Beyond The Printed Page | March 7, 2018

What Are Sugar-Engineered Antibodies?

Source: Life Science Leader

By Rob Wright, Chief Editor, Life Science Leader
Follow Me On Twitter @RfwrightLSL

What Are Sugar-Engineered Antibodies?
Rob Wright (L) with Clay Siegall, founder, president, CEO, and chairman of Seattle Genetics (R), January 10, 2018.

Ever heard of sugar-engineered antibodies (SEAs)?

If you answered “no,” don’t worry, I hadn’t either. Well, let me clarify. While putting together some questions to guide my interview with Clay Siegall, founder, president, CEO, and chairman of Seattle Genetics, I had come across some information about SEAs on the company’s website. As I hadn’t heard or read much about the technology previously, it seemed a good topic to broach while meeting with him in San Francisco during the 36th Annual J.P. Morgan Healthcare Conference (JPM). His response was intriguing, yet concise, and we created a small sidebar about SEAs to be included in the March 2018 print cover feature in Life Science Leader magazine. Unfortunately, as sometimes happens, we ran into one of the constraints of print publishing — space limitations. As such, we added Siegall’s SEA insights to Life Science Leader’s exclusive Beyond The Printed Page online section of the magazine. If you like what the Seattle Genetics founder has to say on SEAs, you may want to check out the four other Beyond The Printed Page articles involving Siegall (see below list). Consider subscribing today at our current special rate of $49 (enter coupon code ED49). For while Beyond The Printed Page remains free, accessing all the great content Life Science Leader magazine has to offer requires a subscription.

What Are Sugar-Engineered Antibodies?

One of the new technologies Seattle Genetics is working on is sugar-engineered antibodies. “This is something we developed internally while researching ways to make antibodies more powerful,” says Clay Siegall, founder, president, CEO, and chairman of Seattle Genetics. “Antibody-drug conjugates (ADCs) are empowered antibodies. But our SEA technology also can empower ADCs, but in a different way.” According to Siegall, SEA makes an antibody non-fucosylated. “There are other technologies that de-fucosylate (i.e., get rid of 60 to 70 percent of the fucose on an antibody),” he explains. “Our SEA technology gets rid of 100 percent of fucose.”

Fucose is an essential hexose deoxy sugar the body uses to communicate from cell to cell. Some studies have shown that fucose may play a role in cancer and its treatment.
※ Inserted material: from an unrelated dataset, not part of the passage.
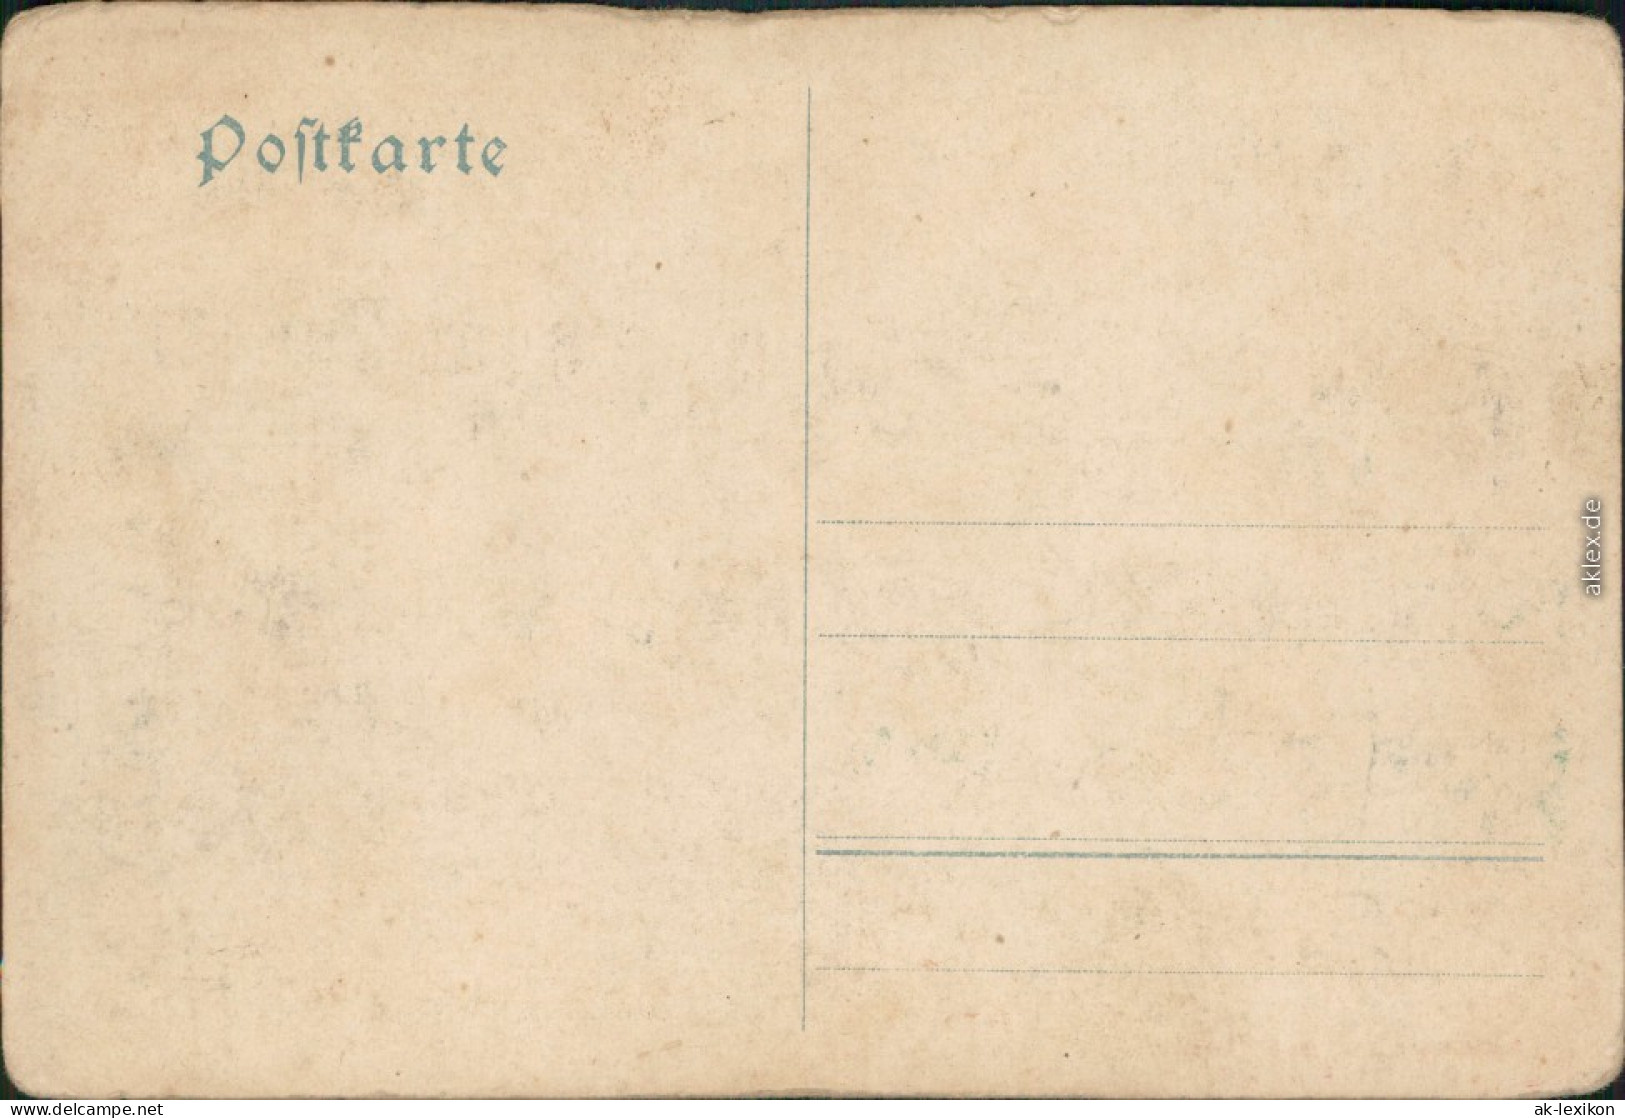 Ansichtskarte  De Drei Ugelickr - Liedkarte, Erzgebirge 1907  - Music
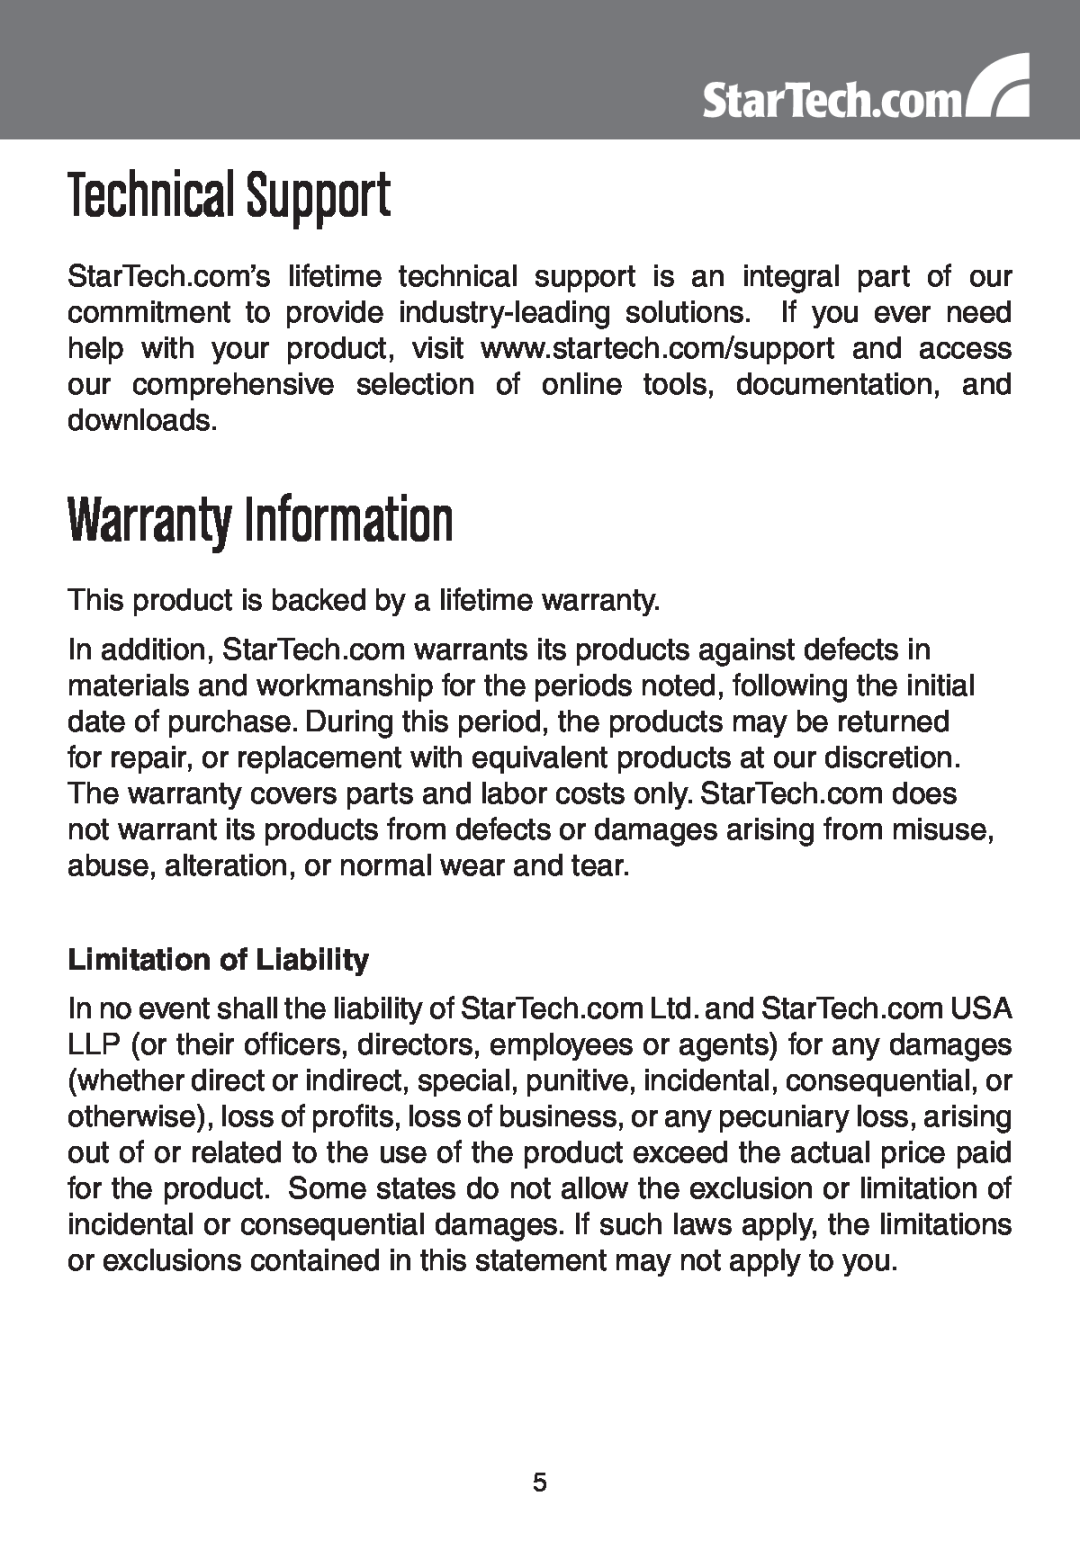 StarTech.com EC1000S instruction manual Technical Support, Warranty Information, Limitation of Liability

“A non-fucosylated antibody has a dramatically improved effector function, and results in an enhanced innate immune response against cancer,” he attests.  The company’s proprietary SEA technology is a novel approach to increasing the potency of monoclonal antibodies, and is complementary to its ADC technology. Seattle Genetics already has one of its sugar-engineered antibodies (SEA-CD40) in clinic, and expects to do more. That said, Siegall is quick to remind that the company’s SEA technology isn’t its major thrust. “ADC technology is where we are spending 75 to 80 percent of our efforts,” he clarifies. “The other 20 or so percent involves a variety of different types of non-ADC technologies, not just SEA.”